## Problem to work on
Copy the data exactly. Images are the one exception.

## Information shown
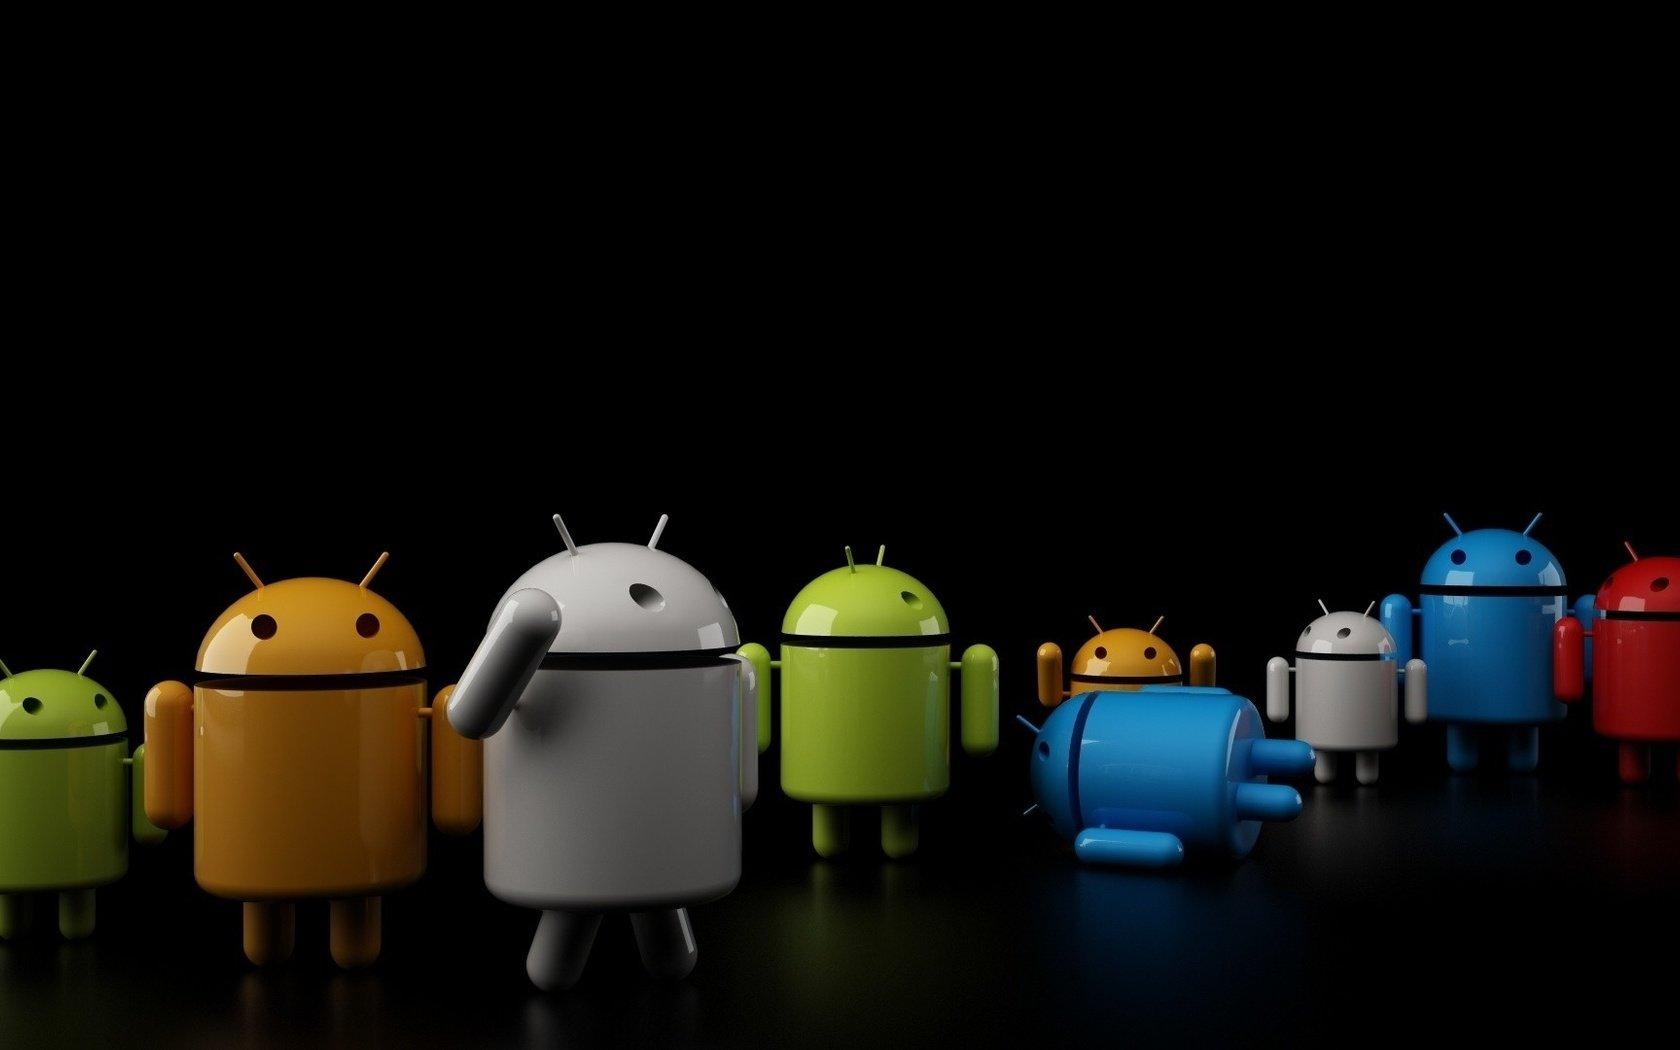 Темы и обои для андроид скачать бесплатно на русском языке
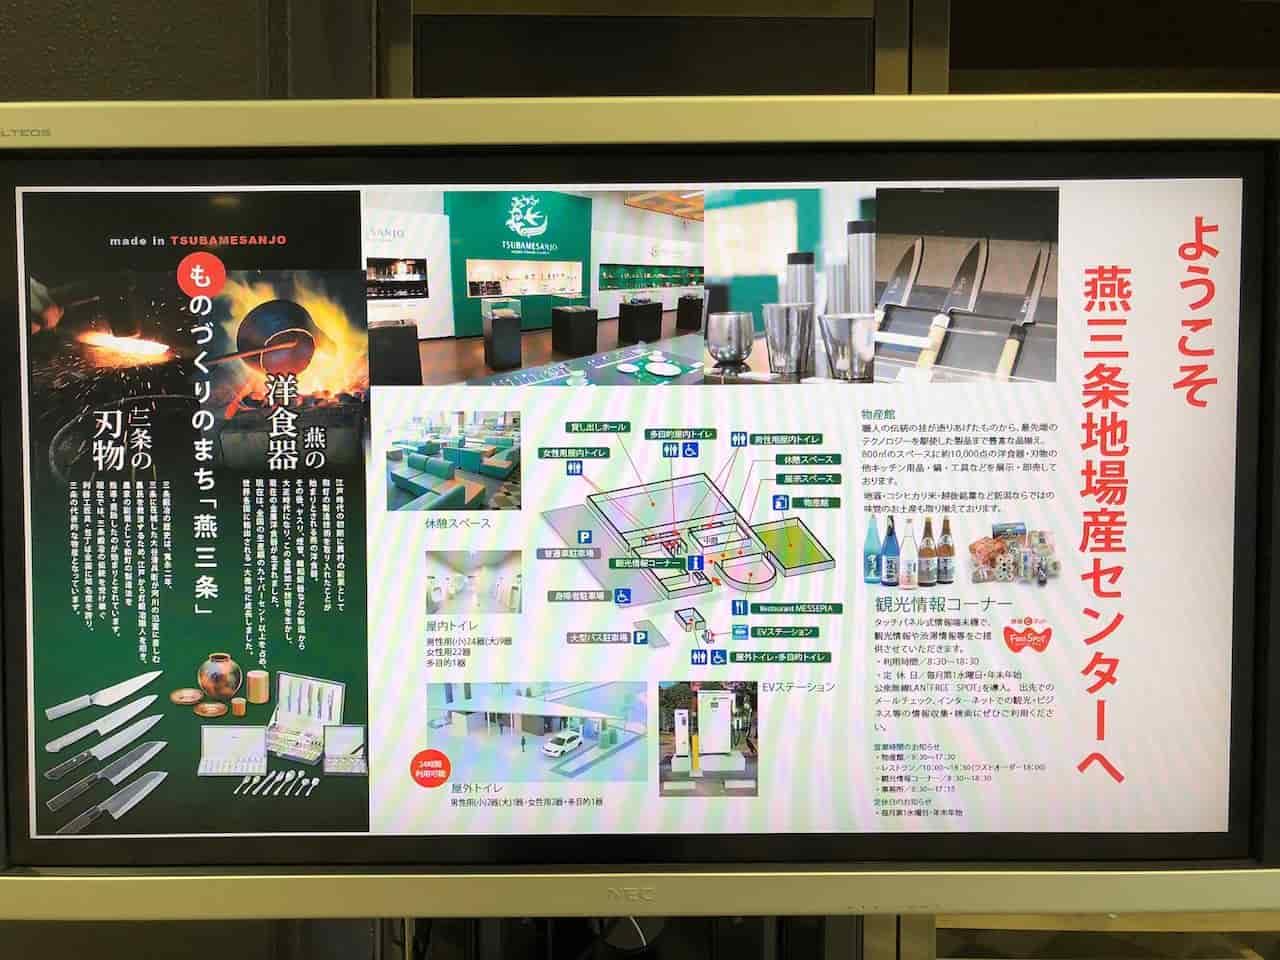 道の駅燕三条地場センターの館内マップ
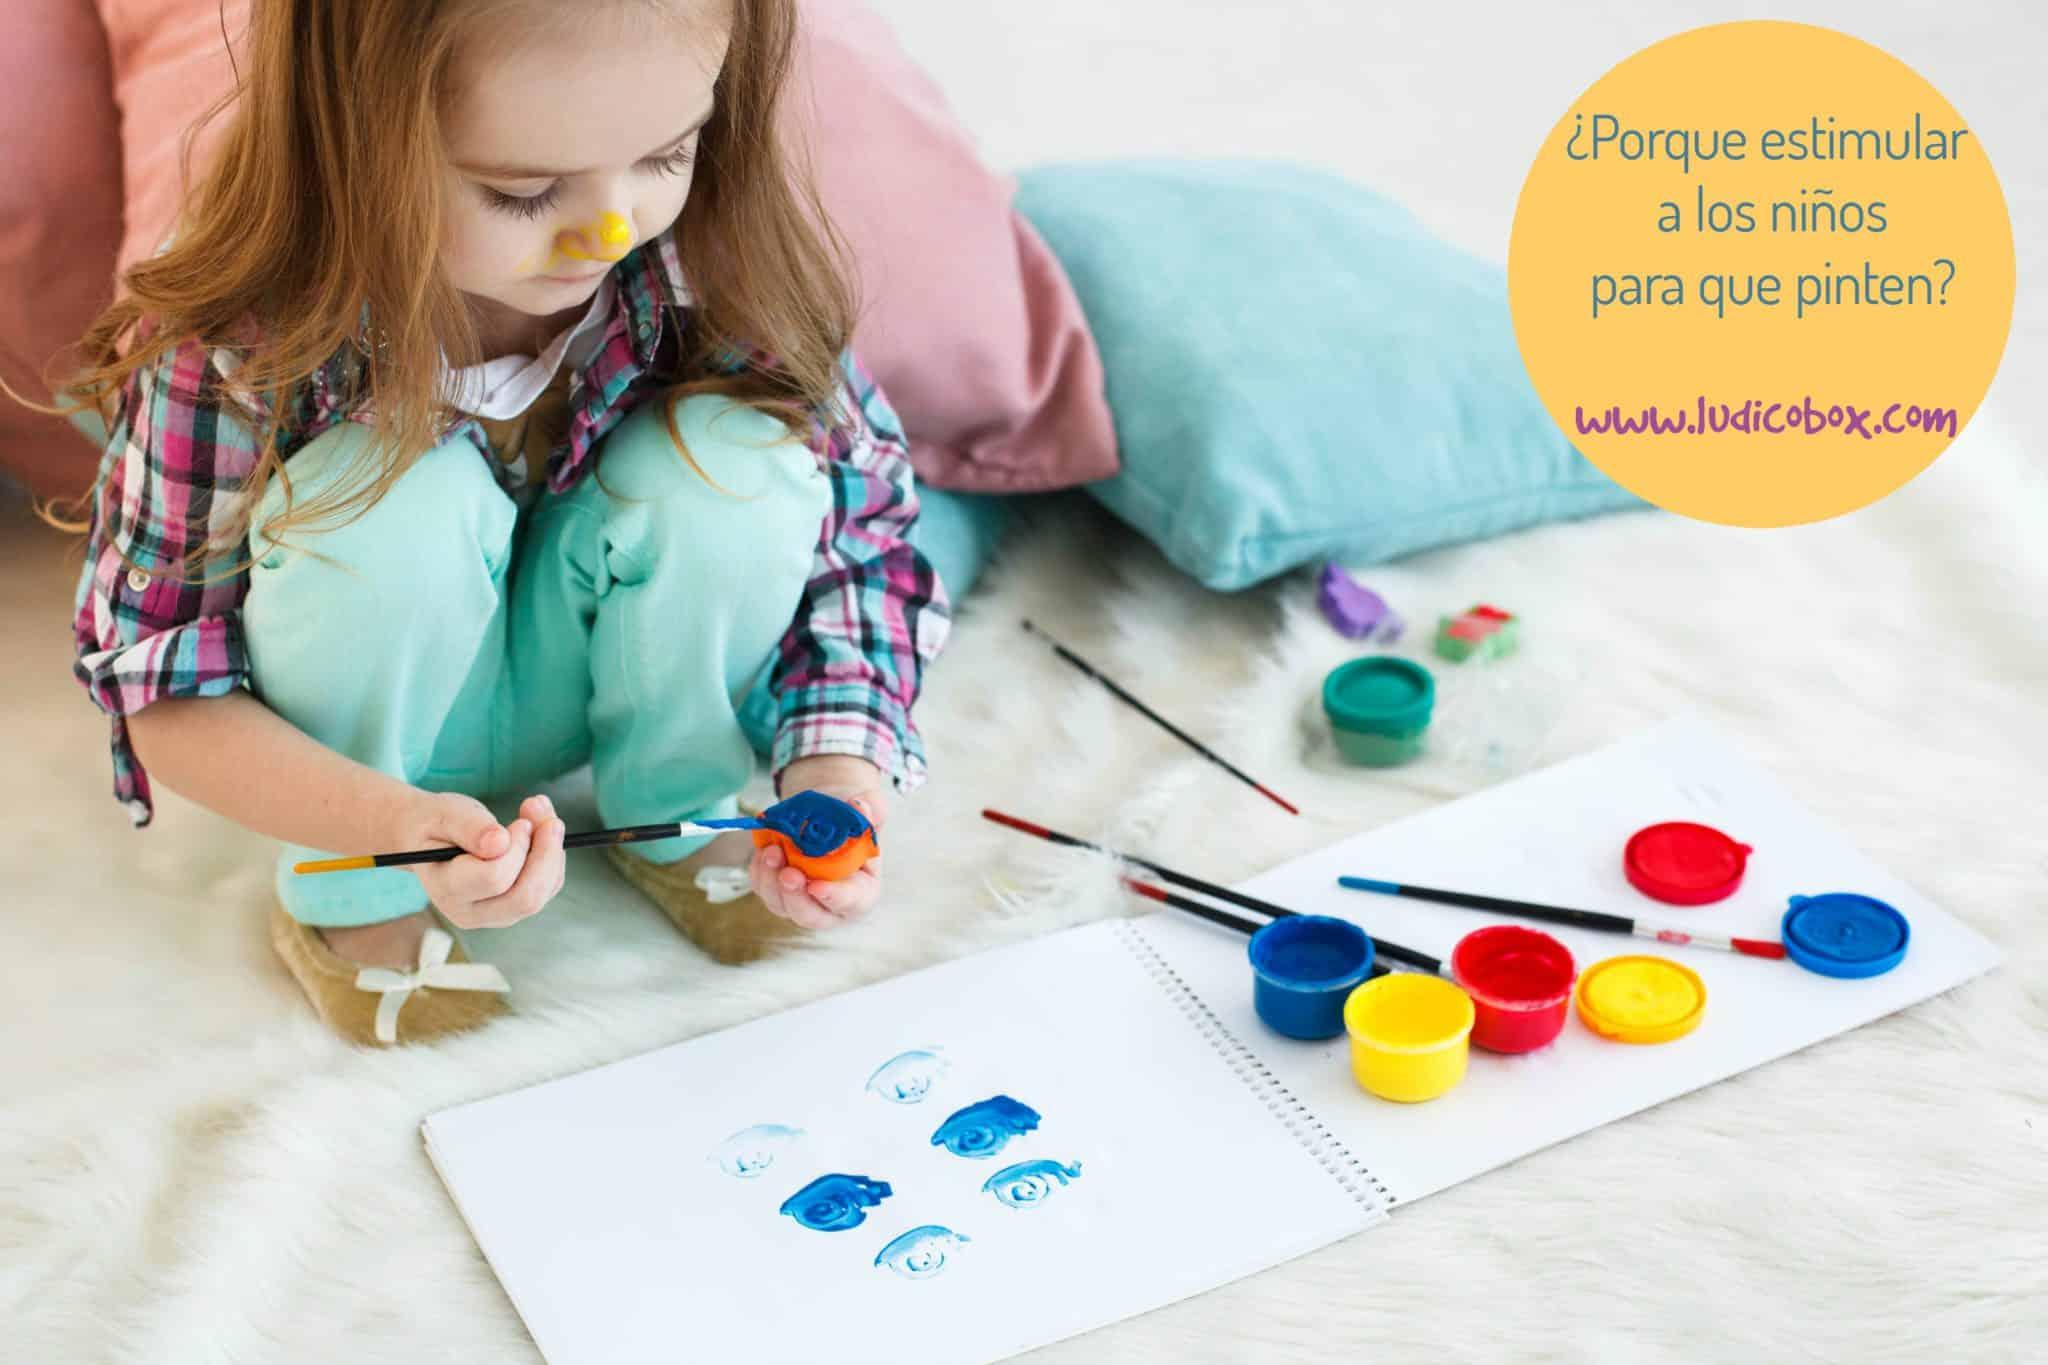 Pourquoi peindre à la maternelle?

## Task result
 Темы и обои для андроид скачать бесплатно на русском языке
 道の駅燕三条地場センターの館内マップ
 Pourquoi peindre à la maternelle?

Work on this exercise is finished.